Let's say I have a main.sh script that will be calling one.sh via a subshell.

one.sh :

#! /bin/bash

set -euo pipefail

(if [ -t 0 ]; then
  echo "one little two little three little buses"
else
  cat -
fi) | awk '{ $1 = "111"; print $0 }'

main.sh :

#! /bin/bash                                                

set -euo pipefail                                           

main() {                                                    
  echo "one_result) $(./one.sh)"                            

  echo "one_piped) $(echo "the quick brown fox" | ./one.sh)"
}                                                           

main                                                        

Now, each of them works as expected:

$ ./one.sh
111 little two little three little buses

$ ./main.sh
one_result) 111 little two little three little buses
one_piped) 111 quick brown fox

But, when I pipe something to main.sh , I was not expecting (or, rather, I don't want) one.sh to know about the piped content, because I thought one.sh was in its own subshell in one_result) :

$ echo "HELLO WORLD MAIN" | ./main.sh                                                                                
one_result) 111 WORLD MAIN
one_piped) 111 quick brown fox

Is it the case my if condition in one.sh is not what I want? I would like one.sh to not create any side-effects of consuming my main.sh 's stdin - since now it has consumed it, my main.sh is now effectively stdin -less, as stdin can only be read once unless I store it away.

Thoughts?
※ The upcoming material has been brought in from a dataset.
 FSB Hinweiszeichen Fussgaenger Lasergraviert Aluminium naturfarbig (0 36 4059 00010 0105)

TIA.

In general, subshells (and other processes that a shell spawns) inherit stdin from the parent shell. If that's the terminal, your test will work as you expect; if it's a pipe then it will detect that it's a pipe and go ahead and consume it. There's no way for the subshell to tell whether it got that pipe by having it explicitly assigned (as in echo "the quick brown fox" | ./one.sh ) or via inheritance.

As far as I can see, the only way to avoid this problem is to explicitly redirect one.sh 's input to something other than a pipe to avoid it inheriting the parent shell's stdin (which might be a pipe). Something like:

echo "one_nonpipe) $(./one.sh </dev/null)"                            
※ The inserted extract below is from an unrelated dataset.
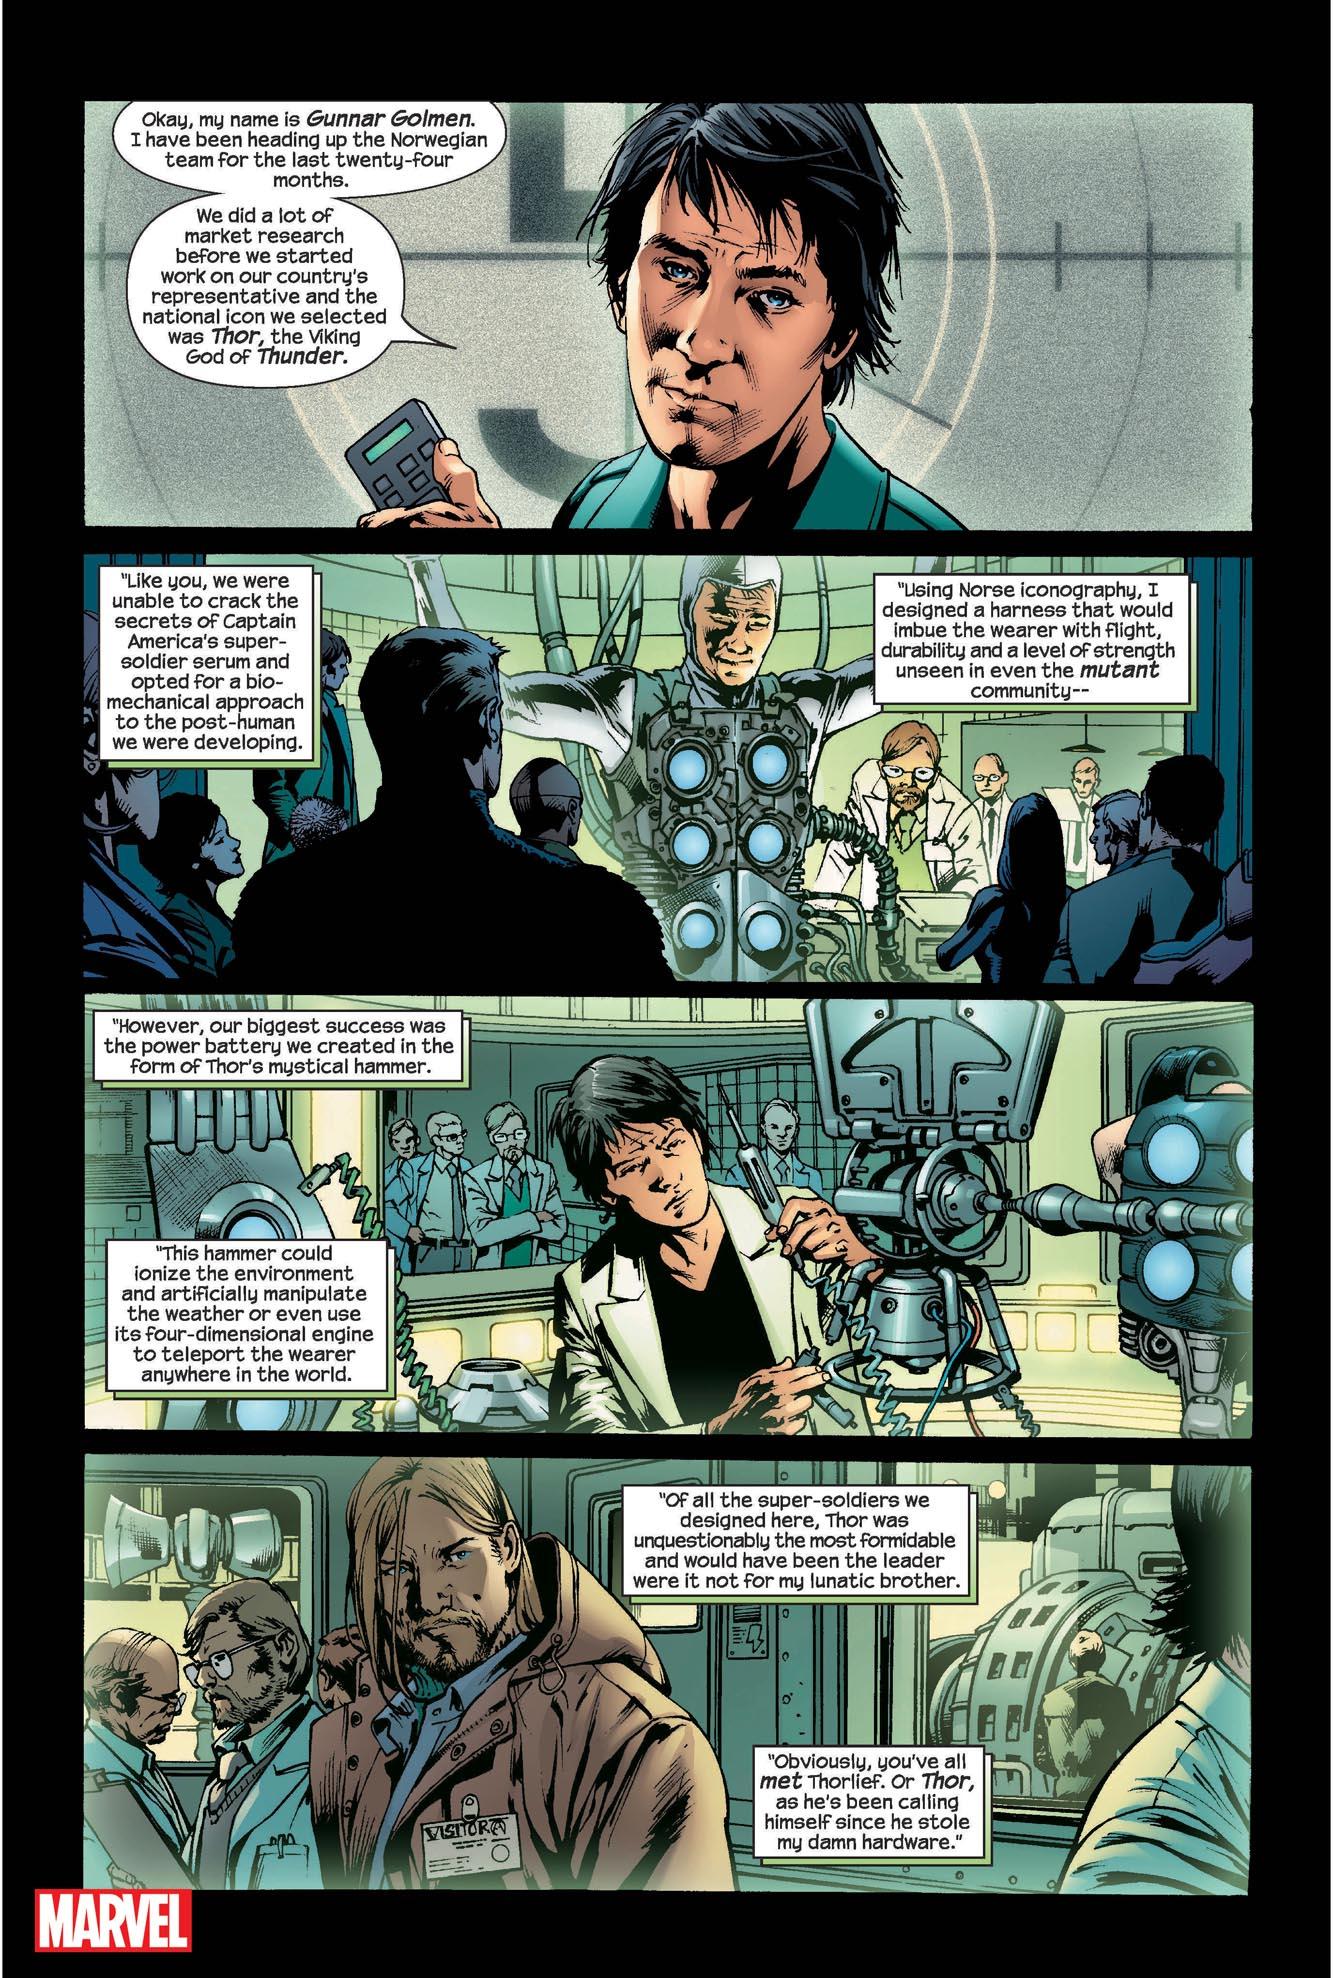 Loki comics

echo "one_piped) $(echo "the quick brown fox" | ./one.sh)"

... but what'd be even better would be to add a flag to tell one.sh whether to read from stdin or not, rather than trying to figure it out from the type of file attached to stdin:

#! /bin/bash
# Usage: one.sh [-i]
#   -i    Read from stdin

set -euo pipefail

if [ "$1" = "-i" ]; then
  cat -
else
  echo "one little two little three little buses"
fi | awk '{ $1 = "111"; print $0 }'

...

echo "one_result) $(./one.sh)"                            

echo "one_piped) $(echo "the quick brown fox" | ./one.sh -i)"

(Note that I also removed the unnecessary parentheses around the if block -- they created another level of subshell for no good reason.)

By default, every process inherits its standard input (and output and error) from its parent. Input redirection and pipes are two ways to change standard input to a different file descriptor when starting the child process.

It is the responsibility of main.sh , if needs to read from its standard input, to know that one.sh also reads from standard input, and it will need to prevent one.sh from consuming it.